Return the data below unchanged, without images.
MATERIAL PROVIDED Start Marker
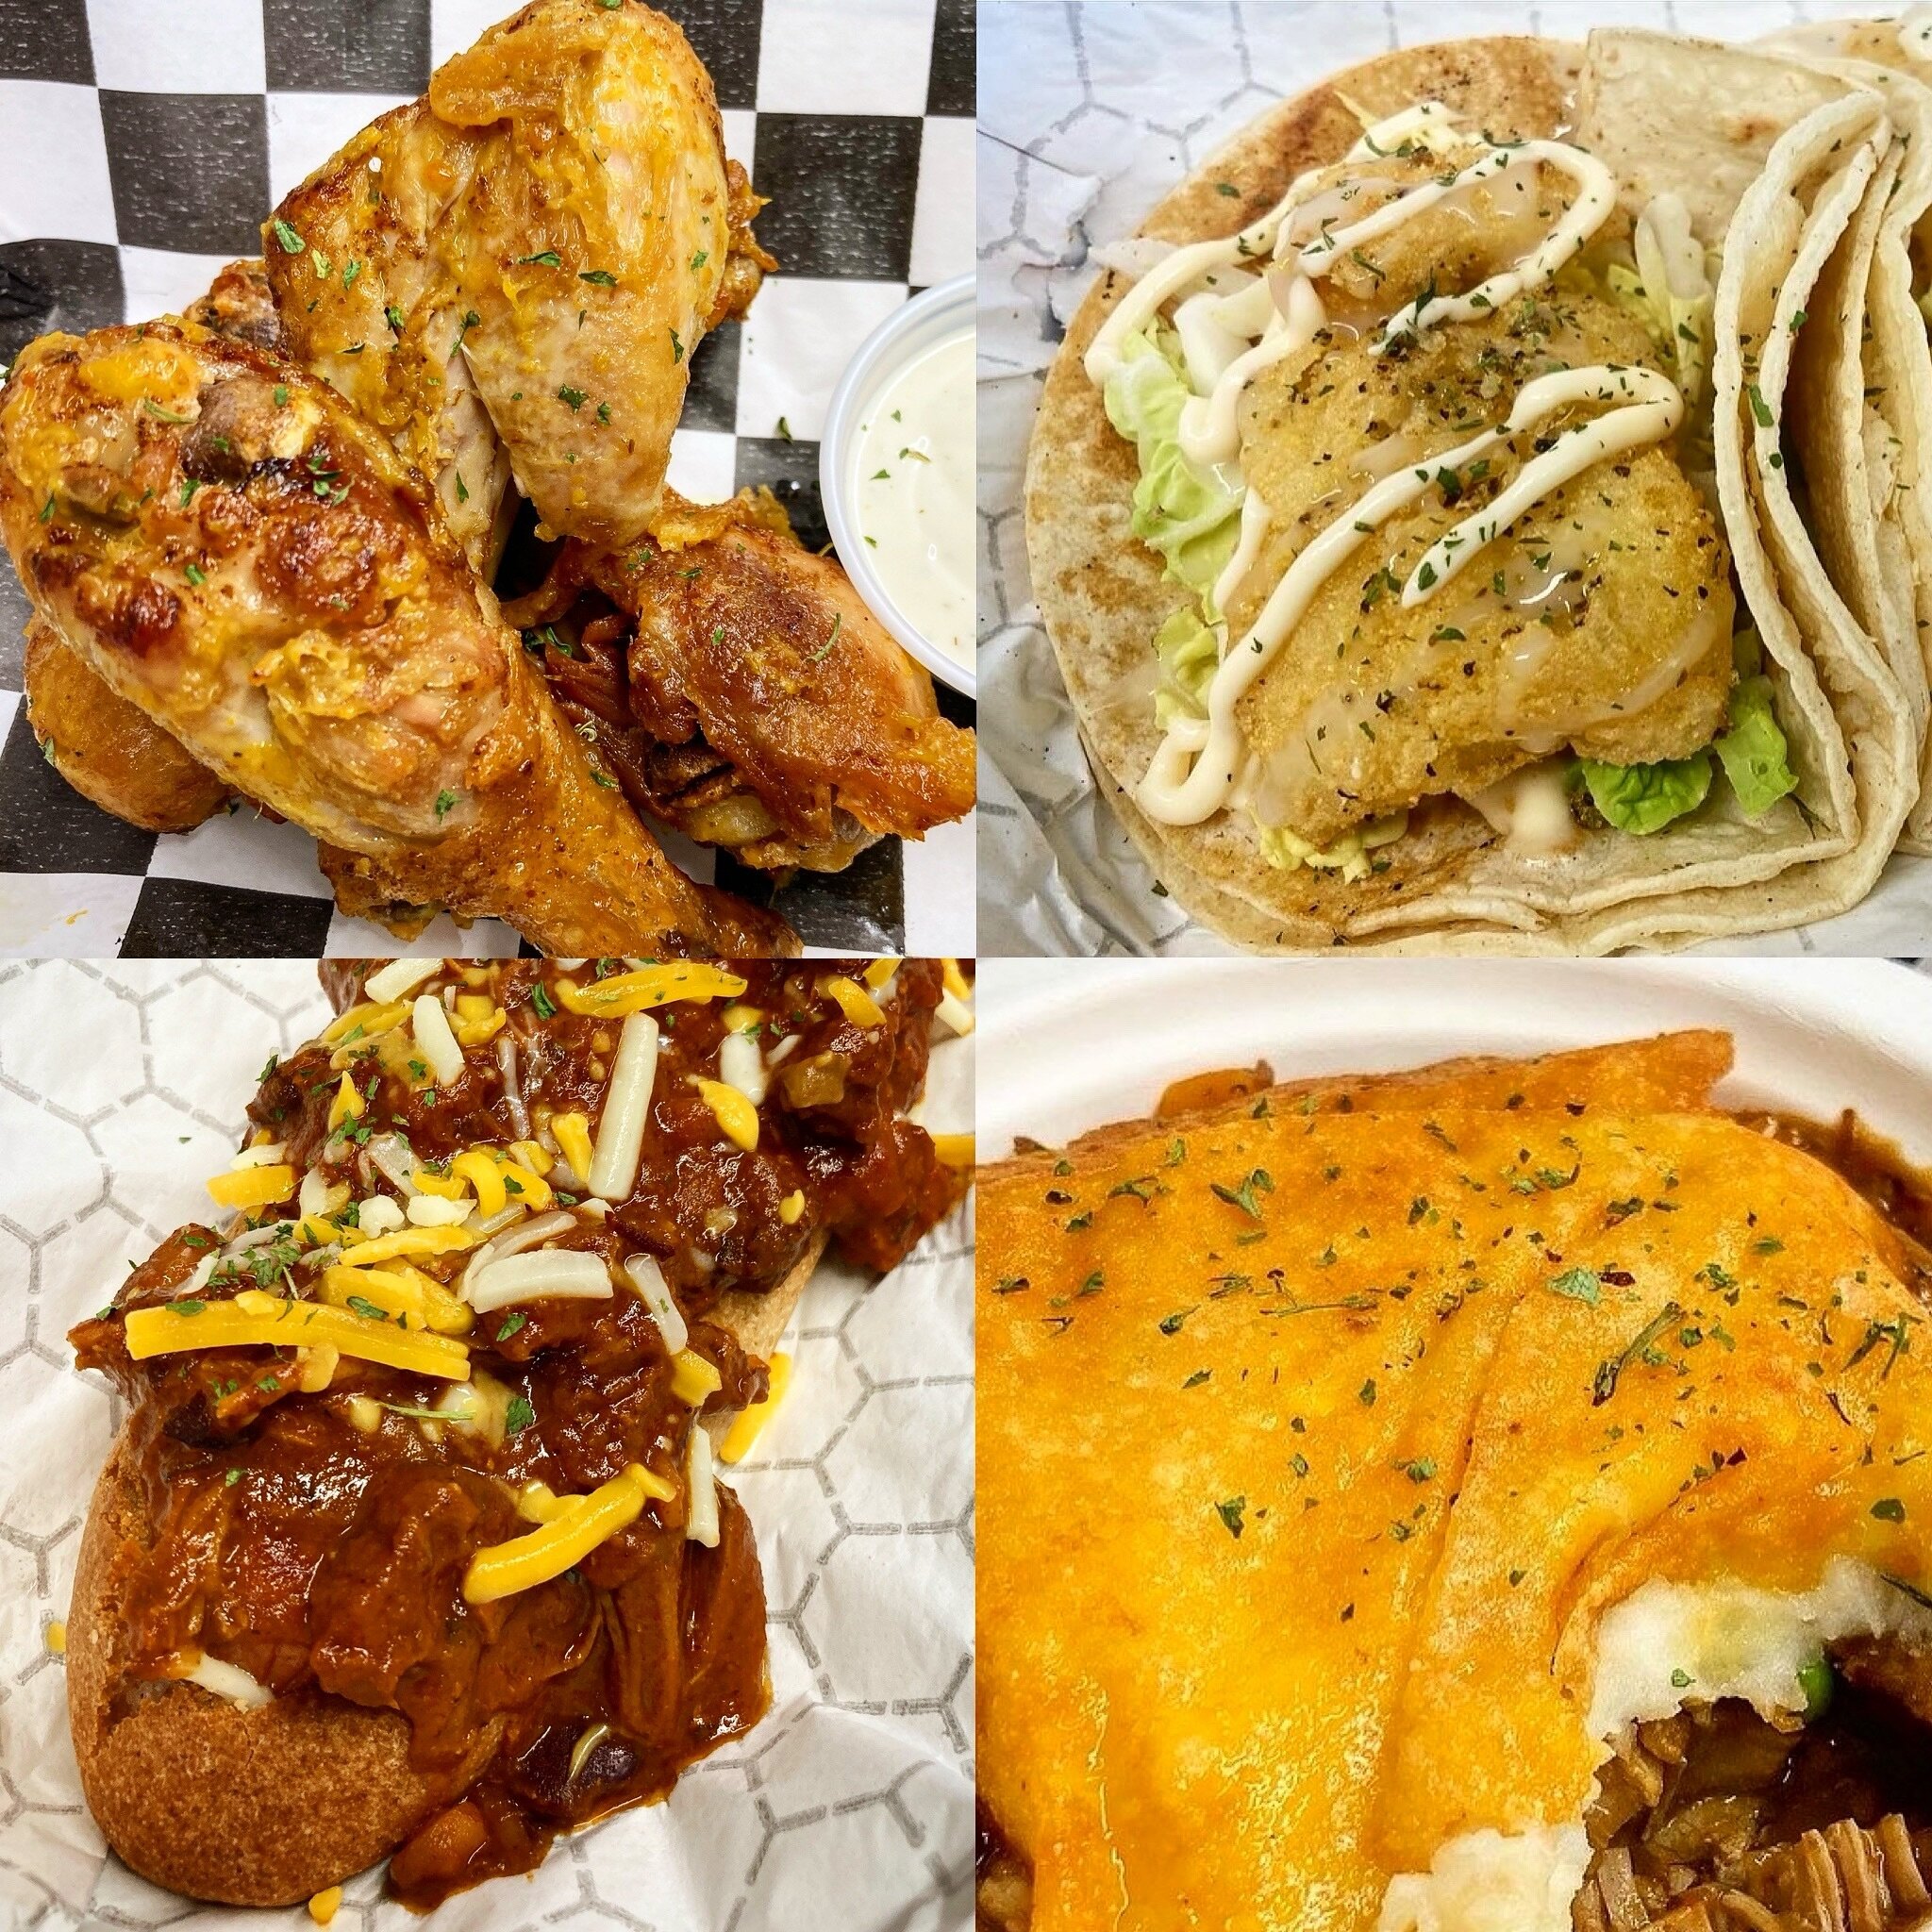 With this cold and wet weather this weekend, we figured it was the perfect time to bring back our Take Out Meal Deal!

Appetizer: Dino Wings (confit chicken drumsticks) or Fish Tacos
Main: Chili Dog or Eugene Style Chili (vegetarian available)
Desser
MATERIAL PROVIDED End Marker
▸ SOLUTION TO THE PROBLEM:
 With this cold and wet weather this weekend, we figured it was the perfect time to bring back our Take Out Meal Deal!

Appetizer: Dino Wings (confit chicken drumsticks) or Fish Tacos
Main: Chili Dog or Eugene Style Chili (vegetarian available)
Desser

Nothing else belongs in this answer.